RECORDED INFORMATION —

>>>>

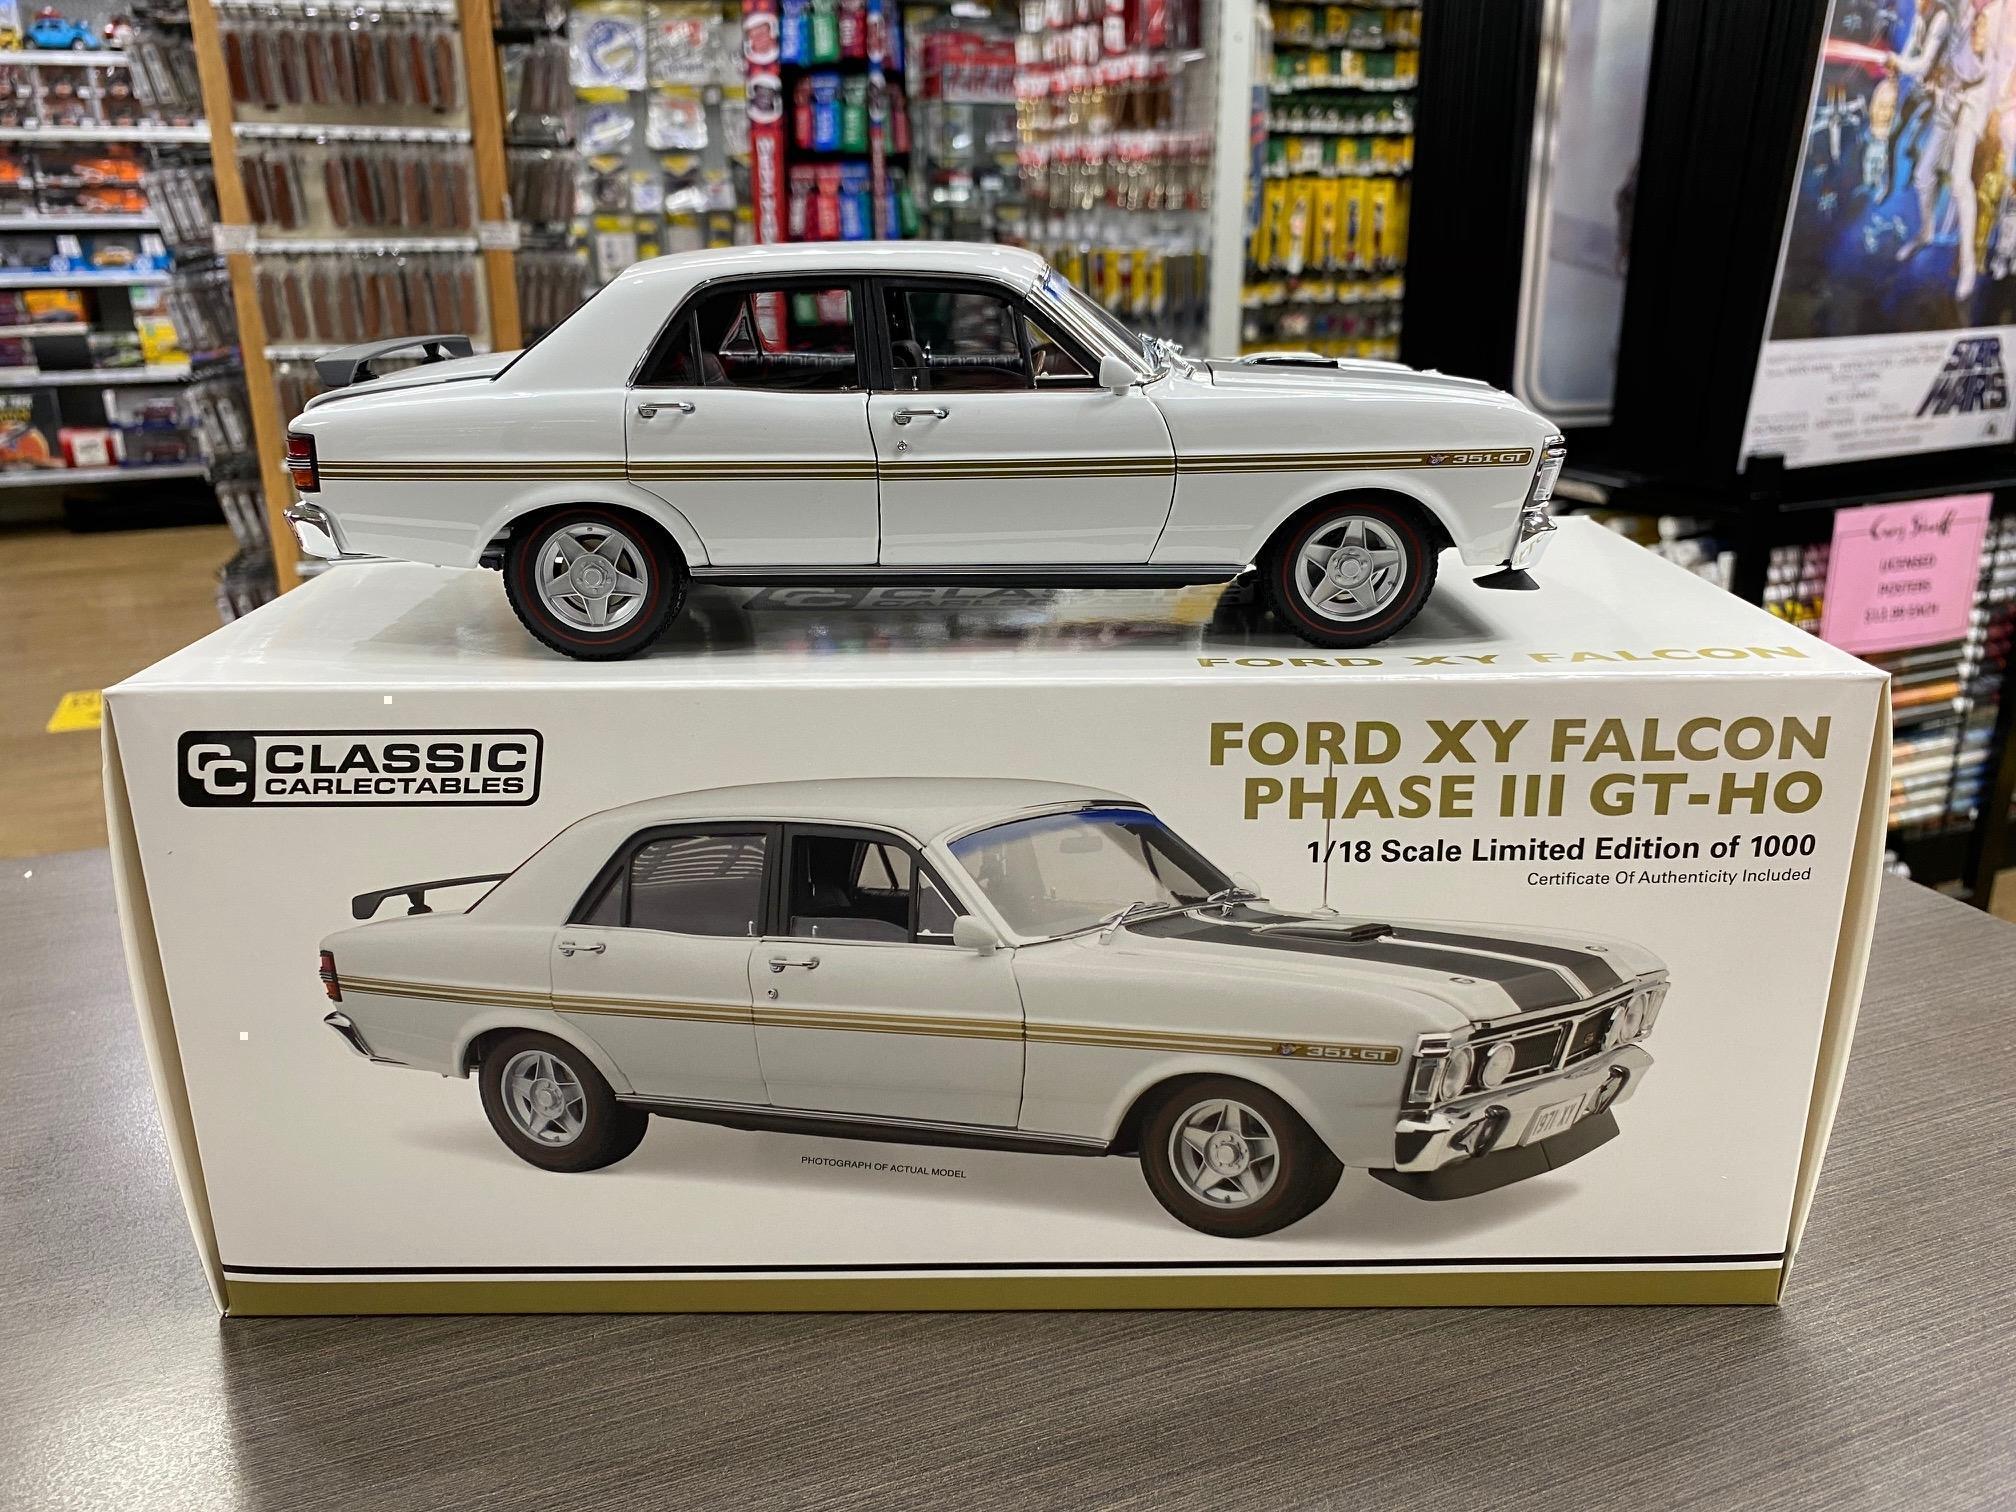 Ford XY Falcon Phase III GT-HO Ultra White 1:18 Scale Model Car
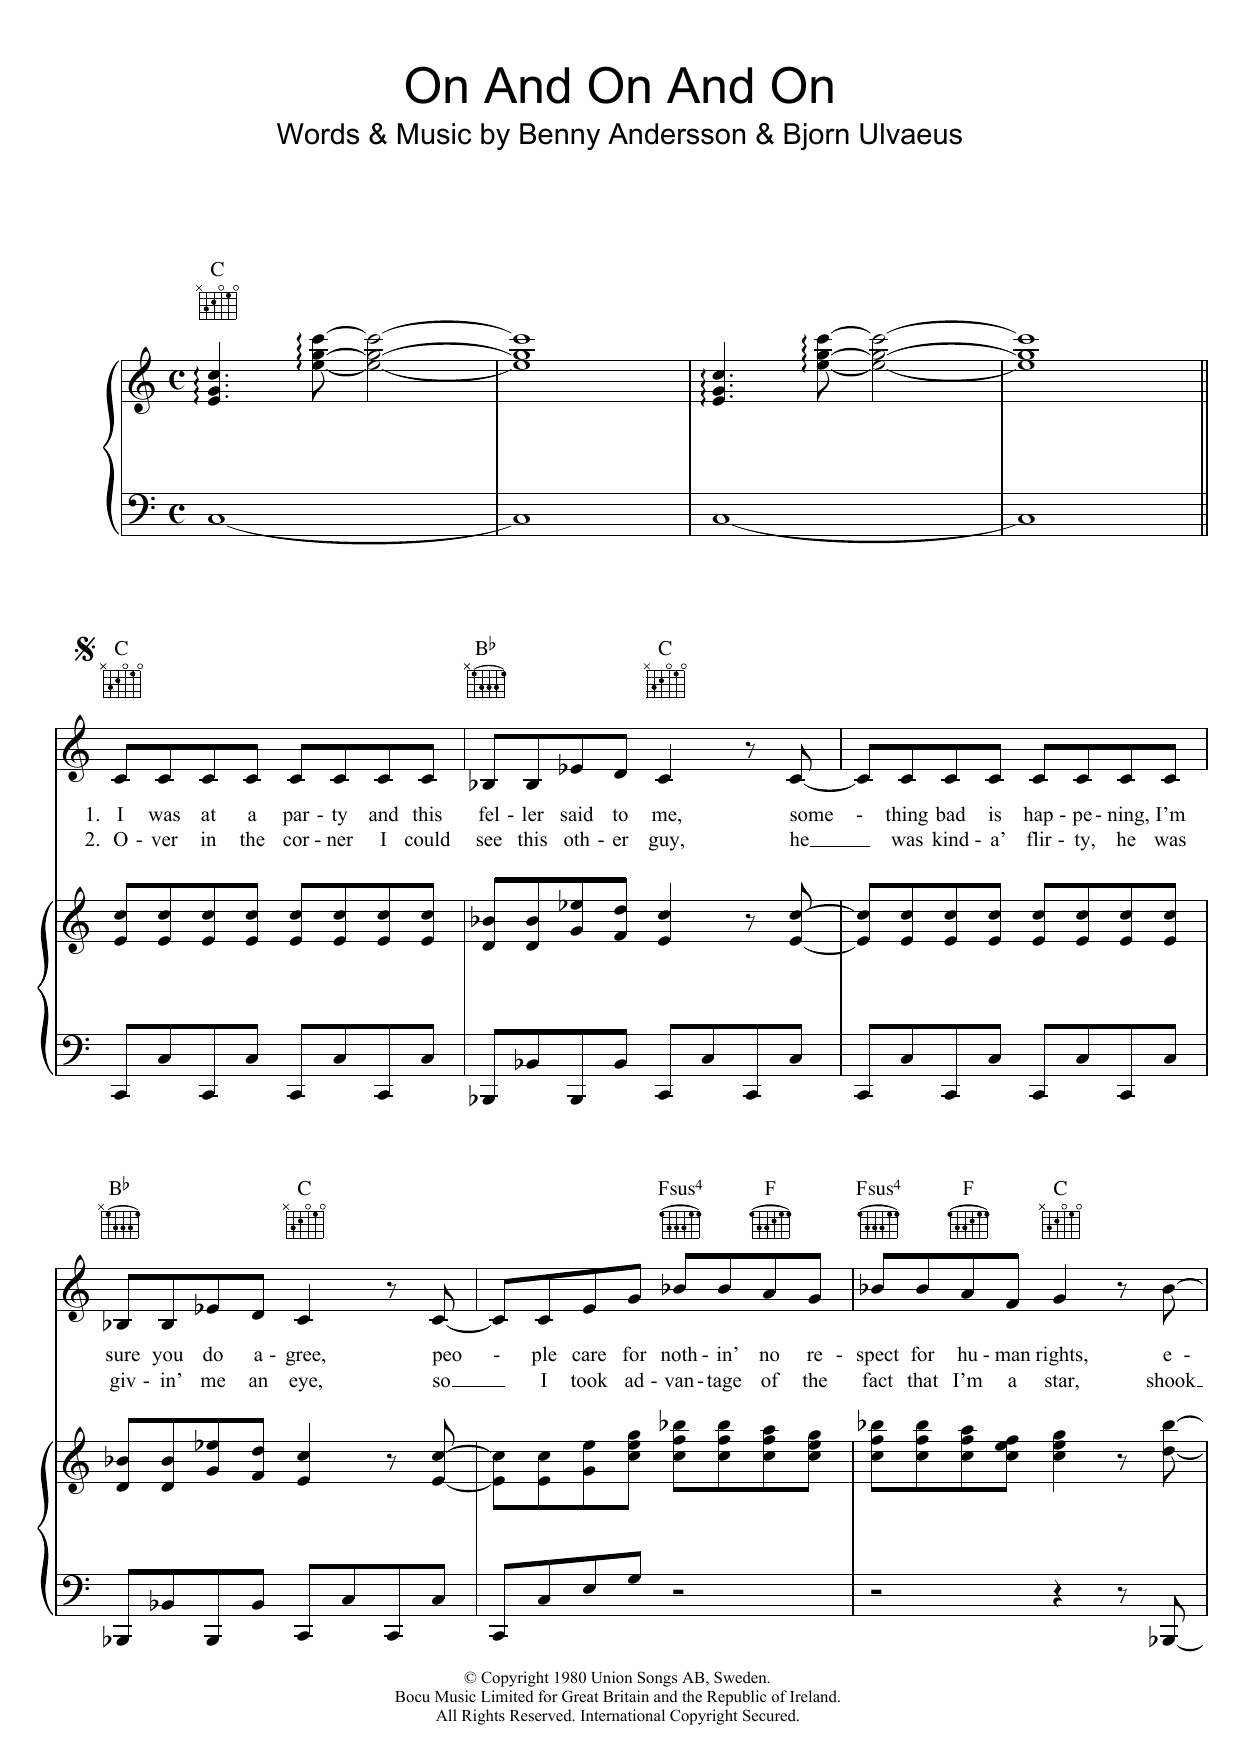 Download ABBA On And On And On Sheet Music
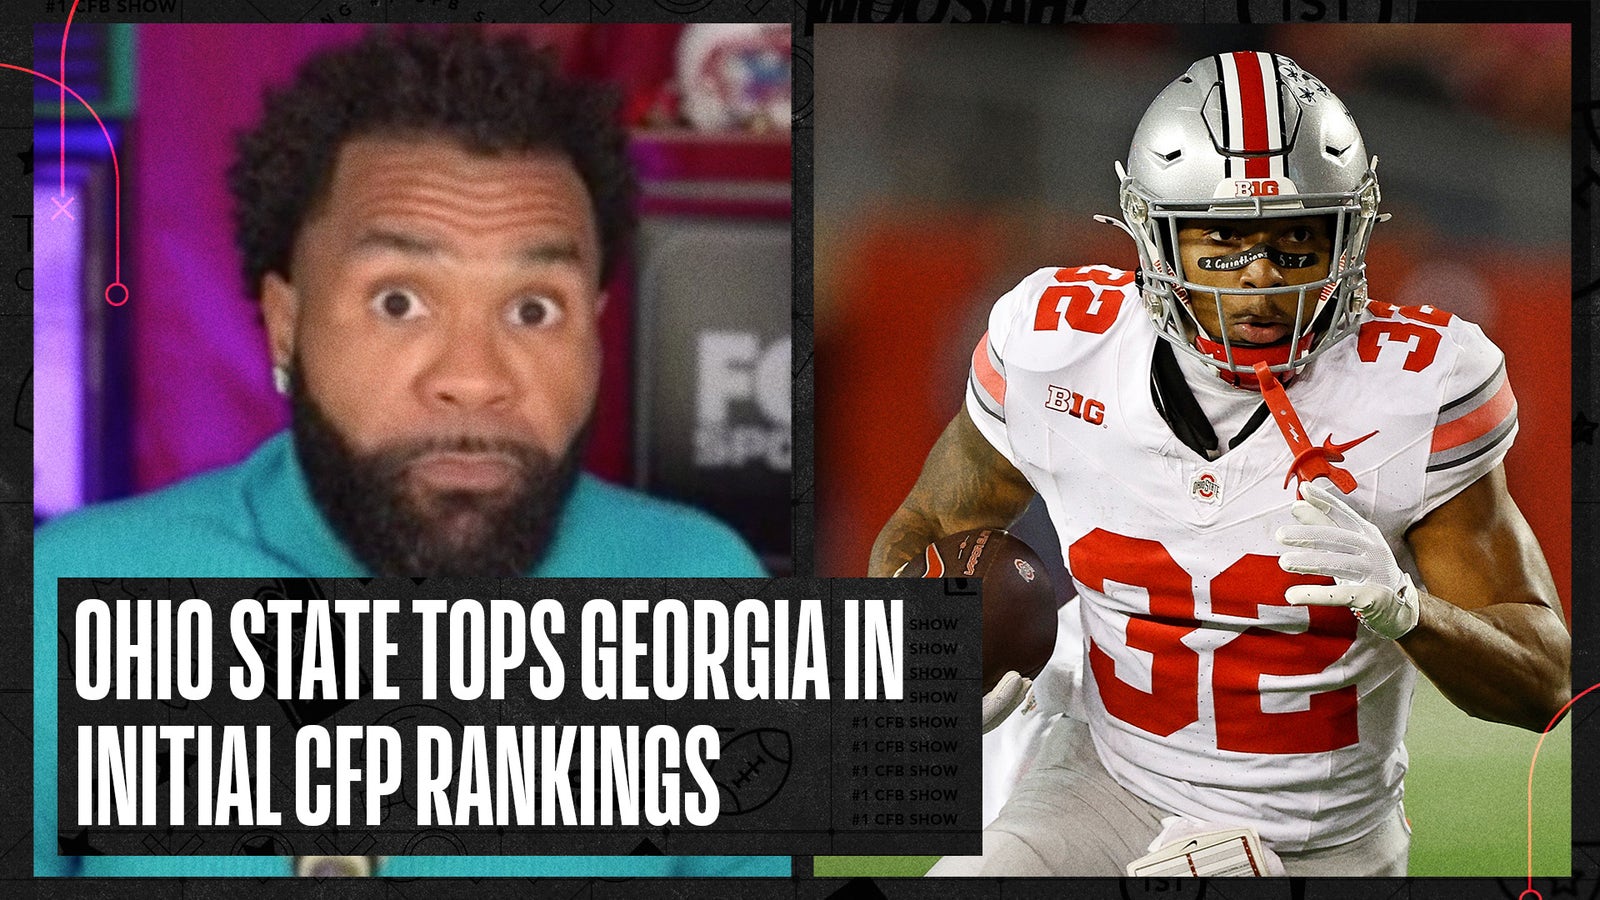 Ohio State ranked above Georgia in the initial CFP rankings — RJ Young reacts
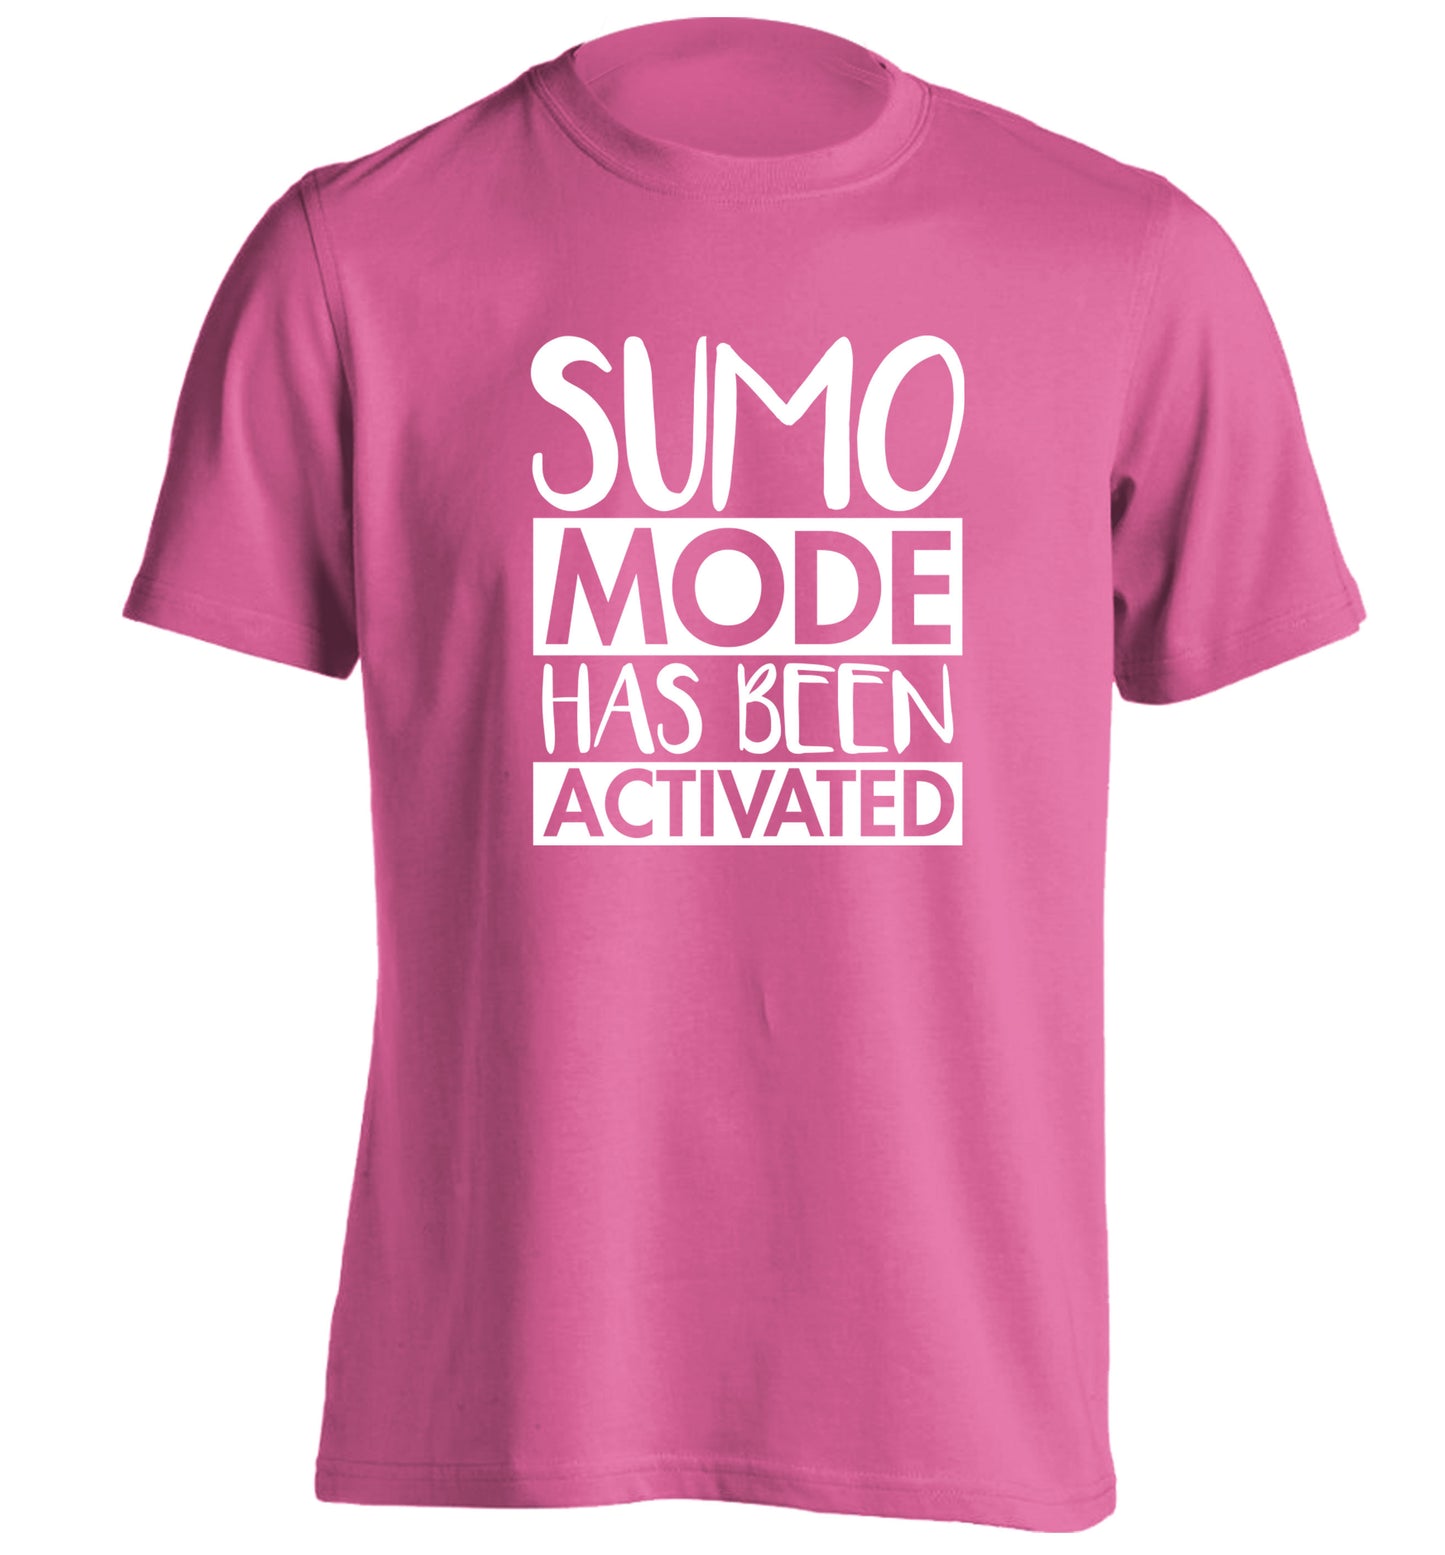 Sumo mode activated adults unisex pink Tshirt 2XL

<<<<

TASK TO CARRY OUT — What you return should be all of the material above, exactly, and none of its pictures.

THE COMPLETED TASK —
 Ford XY Falcon Phase III GT-HO Ultra White 1:18 Scale Model Car
 Download ABBA On And On And On Sheet Music
 Ohio State ranked above Georgia in the initial CFP rankings — RJ Young reacts
 Sumo mode activated adults unisex pink Tshirt 2XL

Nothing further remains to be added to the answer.